"Between the Eras Tour, her engagement to the football star Travis Kelce, and now two original albums in less than eighteen months, Taylor Swift has become "freakishly omnipresent in the cultural consciousness: a grinning lodestar in Louboutin boots," the music critic Amanda Petrusich writes today in her review of "The Life of a Showgirl." And yet, even amid all this crazy success, the singer has stuck to her underdog mentality. On her latest album, she sings about the struggles of being famous, adopting a tone that's, at times, more vengeful than tender, Petrusich writes, to mixed results. "Sometimes it works; often it doesn't.""
"I'm liking it so far, but I'm not really seeing that much of a connection to the showgirl theme! It's kind of hilarious how she spends so much time crafting and pushing forward a particular aesthetic for each album (like the whole seventies thing she did for "Midnights") and then the music doesn't match at all. It would be actively strange to watch her perform some of these songs wearing, like, a sequinned headdress."

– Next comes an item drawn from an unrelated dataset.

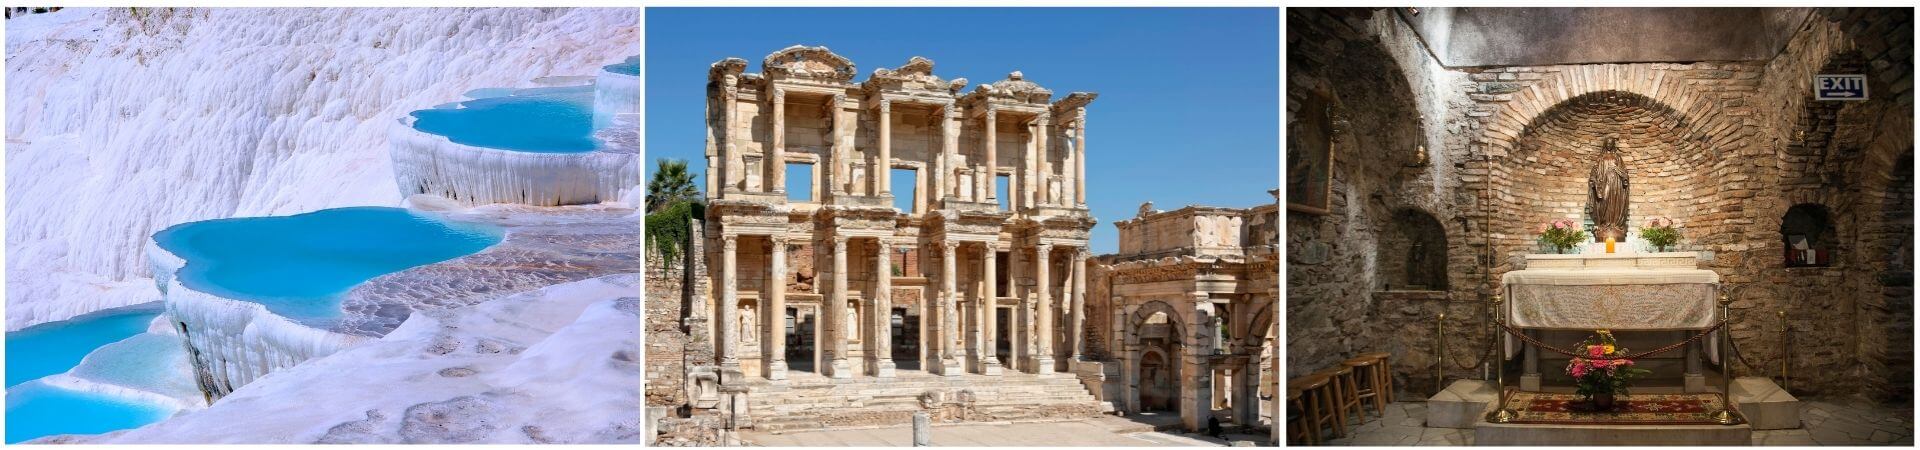 Ephesus & Pamukkale Tour 2 Tage 1 Nacht (Rabatt)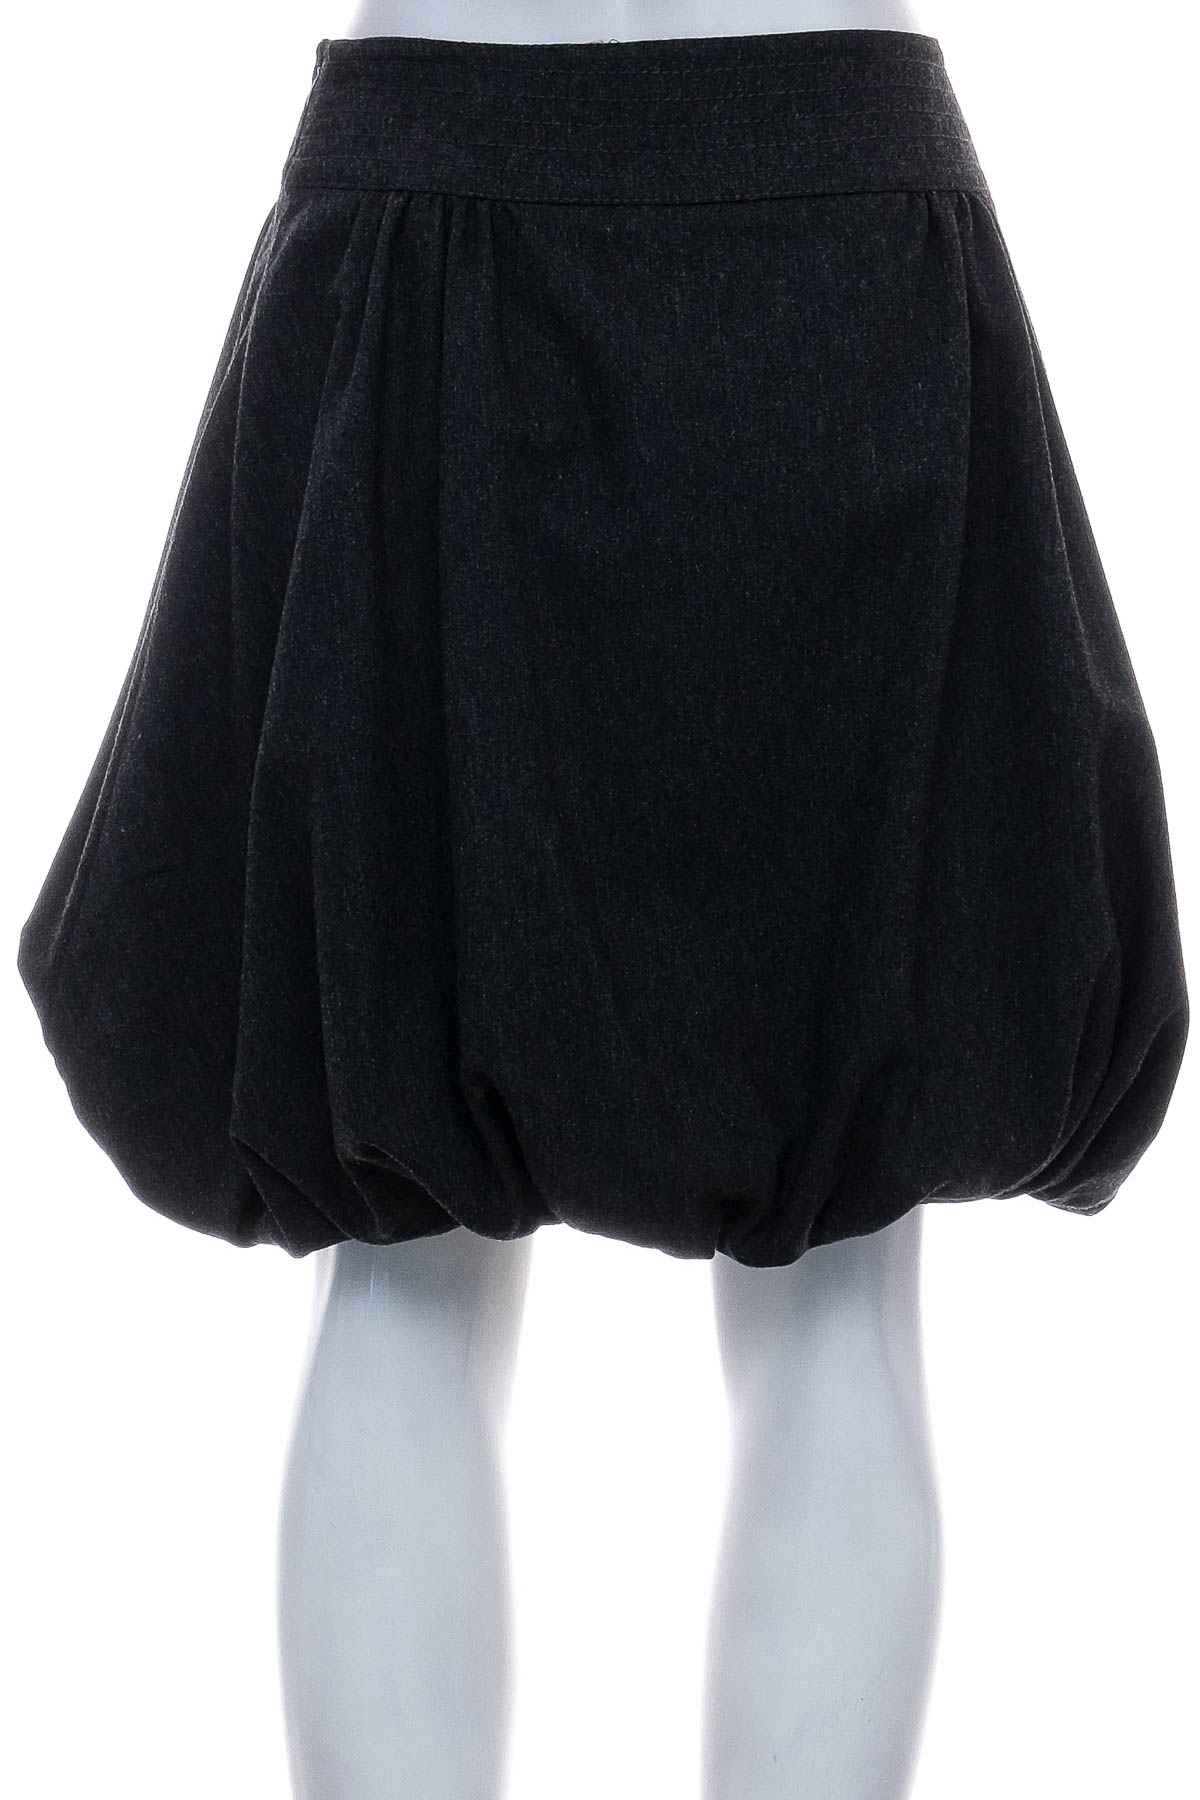 Skirt - Blumarine - 1

Taylor Swift remains omnipresent through touring, a high-profile engagement, and rapid album output. The Life of a Showgirl centers on the difficulties of fame, often switching between vindictive and tender tones. The album delivers mixed outcomes: some tracks land, while others feel awkward or incongruent with the marketed showgirl aesthetic. Marketing and visual presentation are highly deliberate, but the music does not always align with that imagery. The Tortured Poets Department appears more attuned to the onstage/offstage cognitive disconnect. Early reactions note a loose connection between the album's look and its sonic content.